#### Input data
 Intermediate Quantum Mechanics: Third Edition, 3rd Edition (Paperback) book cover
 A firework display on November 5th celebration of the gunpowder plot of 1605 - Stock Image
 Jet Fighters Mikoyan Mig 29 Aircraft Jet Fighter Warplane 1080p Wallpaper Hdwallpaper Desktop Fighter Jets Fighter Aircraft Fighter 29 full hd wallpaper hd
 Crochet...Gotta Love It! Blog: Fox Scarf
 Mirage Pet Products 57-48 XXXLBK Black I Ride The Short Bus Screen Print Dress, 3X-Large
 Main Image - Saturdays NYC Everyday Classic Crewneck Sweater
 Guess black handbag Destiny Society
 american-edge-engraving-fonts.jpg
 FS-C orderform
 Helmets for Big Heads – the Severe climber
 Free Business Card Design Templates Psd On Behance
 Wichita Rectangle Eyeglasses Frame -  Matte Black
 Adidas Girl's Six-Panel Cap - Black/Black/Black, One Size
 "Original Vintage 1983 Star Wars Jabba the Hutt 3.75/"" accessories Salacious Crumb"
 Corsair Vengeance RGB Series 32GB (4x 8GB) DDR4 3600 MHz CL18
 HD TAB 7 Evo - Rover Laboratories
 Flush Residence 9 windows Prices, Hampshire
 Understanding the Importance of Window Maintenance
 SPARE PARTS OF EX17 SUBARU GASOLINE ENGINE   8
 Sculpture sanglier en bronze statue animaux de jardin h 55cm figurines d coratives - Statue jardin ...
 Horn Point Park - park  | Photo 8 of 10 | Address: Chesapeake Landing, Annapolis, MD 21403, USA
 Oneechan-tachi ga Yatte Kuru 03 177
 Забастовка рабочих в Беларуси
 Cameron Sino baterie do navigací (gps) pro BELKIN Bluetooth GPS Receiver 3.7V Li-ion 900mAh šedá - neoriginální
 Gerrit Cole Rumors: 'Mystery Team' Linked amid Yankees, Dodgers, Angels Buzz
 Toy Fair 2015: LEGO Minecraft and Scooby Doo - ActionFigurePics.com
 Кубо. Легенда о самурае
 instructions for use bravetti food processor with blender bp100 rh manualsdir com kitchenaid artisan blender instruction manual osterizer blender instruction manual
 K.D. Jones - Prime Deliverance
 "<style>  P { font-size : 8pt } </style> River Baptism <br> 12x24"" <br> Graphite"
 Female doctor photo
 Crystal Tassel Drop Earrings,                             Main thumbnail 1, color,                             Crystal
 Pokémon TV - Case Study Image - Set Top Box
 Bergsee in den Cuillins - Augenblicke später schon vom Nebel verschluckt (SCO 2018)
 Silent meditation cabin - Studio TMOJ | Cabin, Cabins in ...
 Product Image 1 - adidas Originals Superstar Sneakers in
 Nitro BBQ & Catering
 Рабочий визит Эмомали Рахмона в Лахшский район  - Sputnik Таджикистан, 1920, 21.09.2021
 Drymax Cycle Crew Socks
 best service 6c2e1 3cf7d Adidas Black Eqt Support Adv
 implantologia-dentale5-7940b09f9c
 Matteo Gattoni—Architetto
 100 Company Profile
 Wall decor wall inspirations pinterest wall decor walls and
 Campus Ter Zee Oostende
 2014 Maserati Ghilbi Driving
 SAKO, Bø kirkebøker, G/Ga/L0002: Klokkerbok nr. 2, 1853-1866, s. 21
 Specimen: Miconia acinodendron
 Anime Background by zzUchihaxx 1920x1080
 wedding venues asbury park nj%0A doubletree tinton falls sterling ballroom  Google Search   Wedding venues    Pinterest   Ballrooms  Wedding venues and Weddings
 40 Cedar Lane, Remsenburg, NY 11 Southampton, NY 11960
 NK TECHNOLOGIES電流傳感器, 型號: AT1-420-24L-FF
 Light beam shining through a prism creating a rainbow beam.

#### Task to carry out
Starting from the top of the records and ending at the line that contains "Crystal Tassel Drop", repeat each line exactly and return only those lines.

#### Solution to this task
 Intermediate Quantum Mechanics: Third Edition, 3rd Edition (Paperback) book cover
 A firework display on November 5th celebration of the gunpowder plot of 1605 - Stock Image
 Jet Fighters Mikoyan Mig 29 Aircraft Jet Fighter Warplane 1080p Wallpaper Hdwallpaper Desktop Fighter Jets Fighter Aircraft Fighter 29 full hd wallpaper hd
 Crochet...Gotta Love It! Blog: Fox Scarf
 Mirage Pet Products 57-48 XXXLBK Black I Ride The Short Bus Screen Print Dress, 3X-Large
 Main Image - Saturdays NYC Everyday Classic Crewneck Sweater
 Guess black handbag Destiny Society
 american-edge-engraving-fonts.jpg
 FS-C orderform
 Helmets for Big Heads – the Severe climber
 Free Business Card Design Templates Psd On Behance
 Wichita Rectangle Eyeglasses Frame -  Matte Black
 Adidas Girl's Six-Panel Cap - Black/Black/Black, One Size
 "Original Vintage 1983 Star Wars Jabba the Hutt 3.75/"" accessories Salacious Crumb"
 Corsair Vengeance RGB Series 32GB (4x 8GB) DDR4 3600 MHz CL18
 HD TAB 7 Evo - Rover Laboratories
 Flush Residence 9 windows Prices, Hampshire
 Understanding the Importance of Window Maintenance
 SPARE PARTS OF EX17 SUBARU GASOLINE ENGINE   8
 Sculpture sanglier en bronze statue animaux de jardin h 55cm figurines d coratives - Statue jardin ...
 Horn Point Park - park  | Photo 8 of 10 | Address: Chesapeake Landing, Annapolis, MD 21403, USA
 Oneechan-tachi ga Yatte Kuru 03 177
 Забастовка рабочих в Беларуси
 Cameron Sino baterie do navigací (gps) pro BELKIN Bluetooth GPS Receiver 3.7V Li-ion 900mAh šedá - neoriginální
 Gerrit Cole Rumors: 'Mystery Team' Linked amid Yankees, Dodgers, Angels Buzz
 Toy Fair 2015: LEGO Minecraft and Scooby Doo - ActionFigurePics.com
 Кубо. Легенда о самурае
 instructions for use bravetti food processor with blender bp100 rh manualsdir com kitchenaid artisan blender instruction manual osterizer blender instruction manual
 K.D. Jones - Prime Deliverance
 "<style>  P { font-size : 8pt } </style> River Baptism <br> 12x24"" <br> Graphite"
 Female doctor photo
 Crystal Tassel Drop Earrings,                             Main thumbnail 1, color,                             Crystal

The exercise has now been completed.